▽

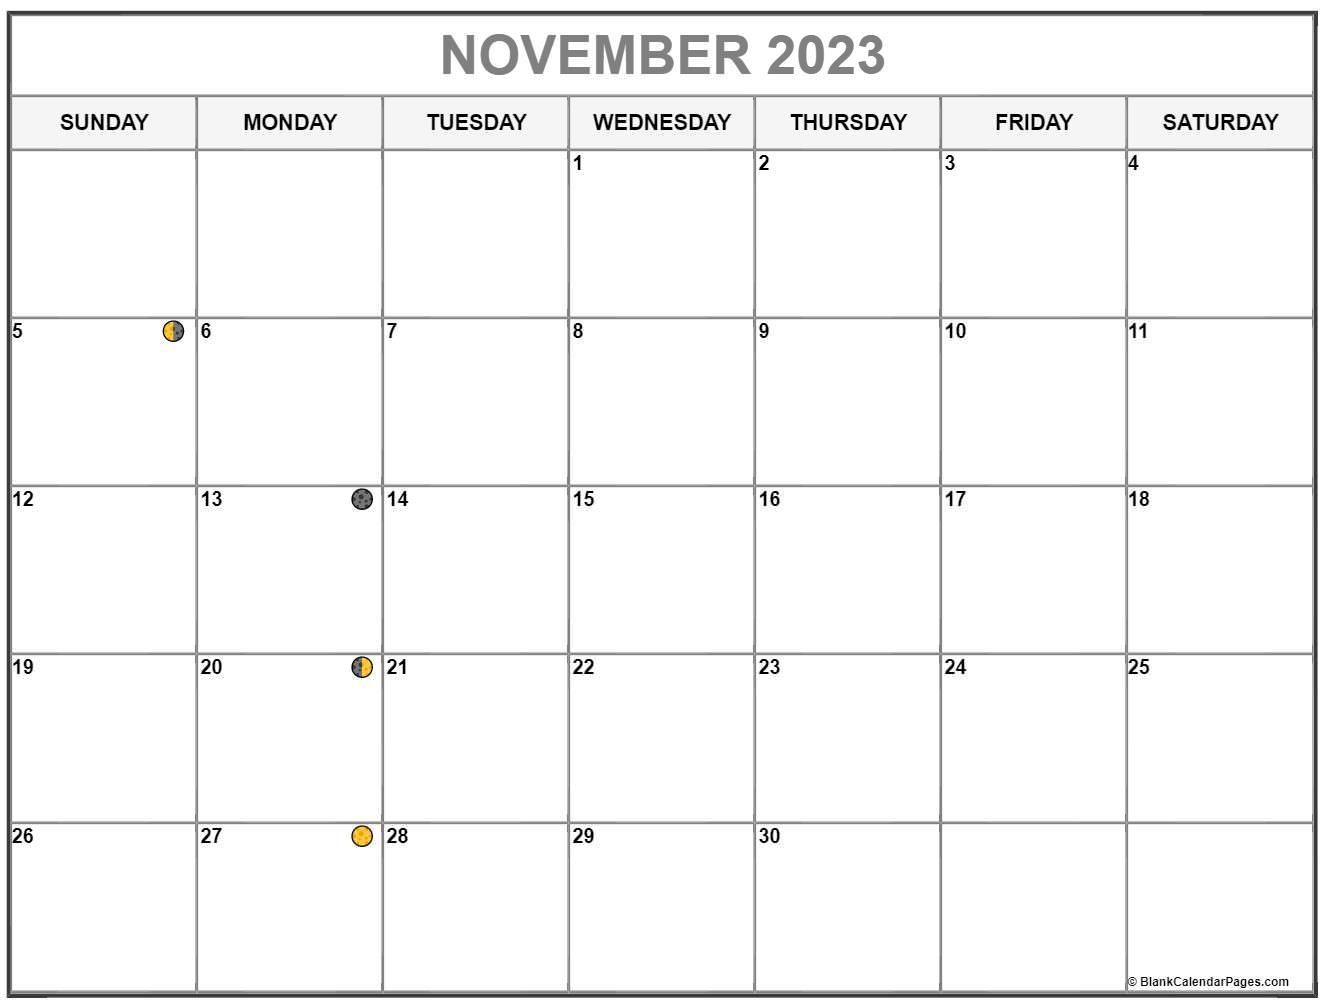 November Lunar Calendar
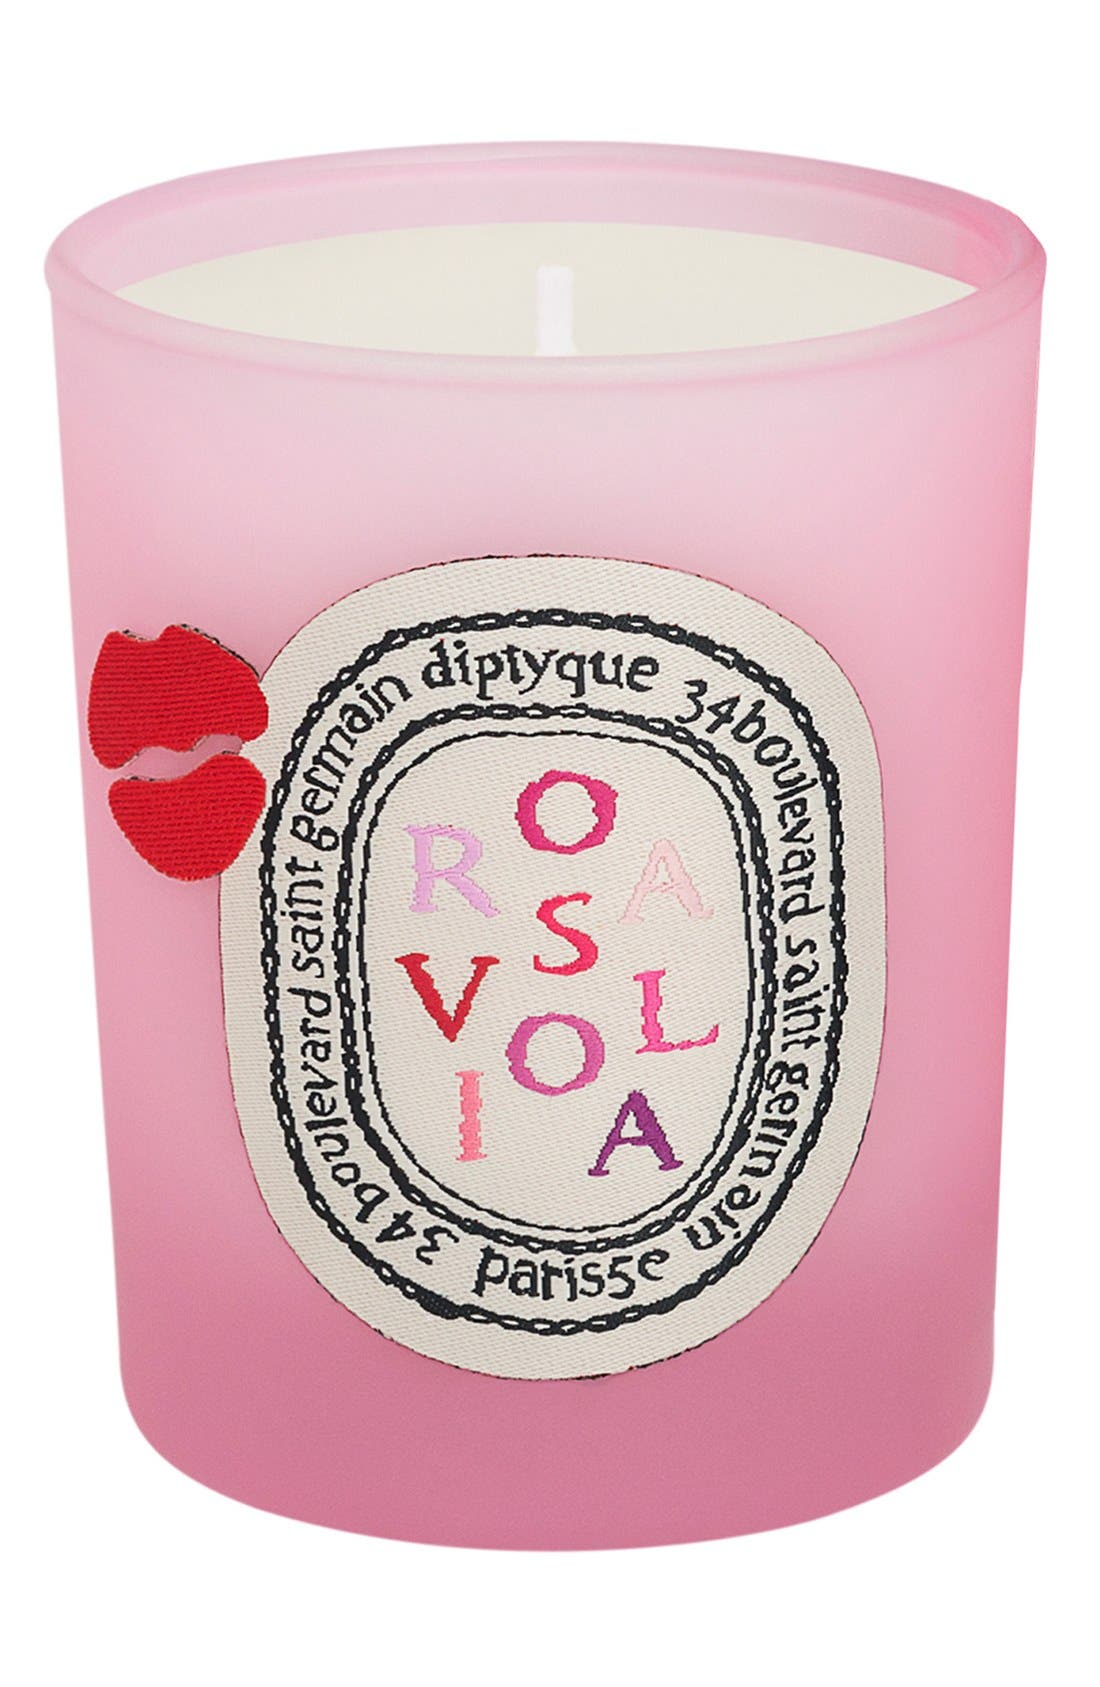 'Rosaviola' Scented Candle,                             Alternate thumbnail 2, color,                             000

△
▽

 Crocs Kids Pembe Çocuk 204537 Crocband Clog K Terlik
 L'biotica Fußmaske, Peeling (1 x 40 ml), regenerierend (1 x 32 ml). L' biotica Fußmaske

△
▽

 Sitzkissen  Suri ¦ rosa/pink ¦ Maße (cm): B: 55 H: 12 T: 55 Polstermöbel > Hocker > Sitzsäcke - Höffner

△

◆ **ABOUT THIS TASK**:
When you reach the line with "Crocs Kids Pembe" in the records above, start writing out lines exactly, and stop once the line with "L'biotica Fußmaske, Peeling" has been written; include nothing else.

◆ **REPLY**:
 Crocs Kids Pembe Çocuk 204537 Crocband Clog K Terlik
 L'biotica Fußmaske, Peeling (1 x 40 ml), regenerierend (1 x 32 ml). L' biotica Fußmaske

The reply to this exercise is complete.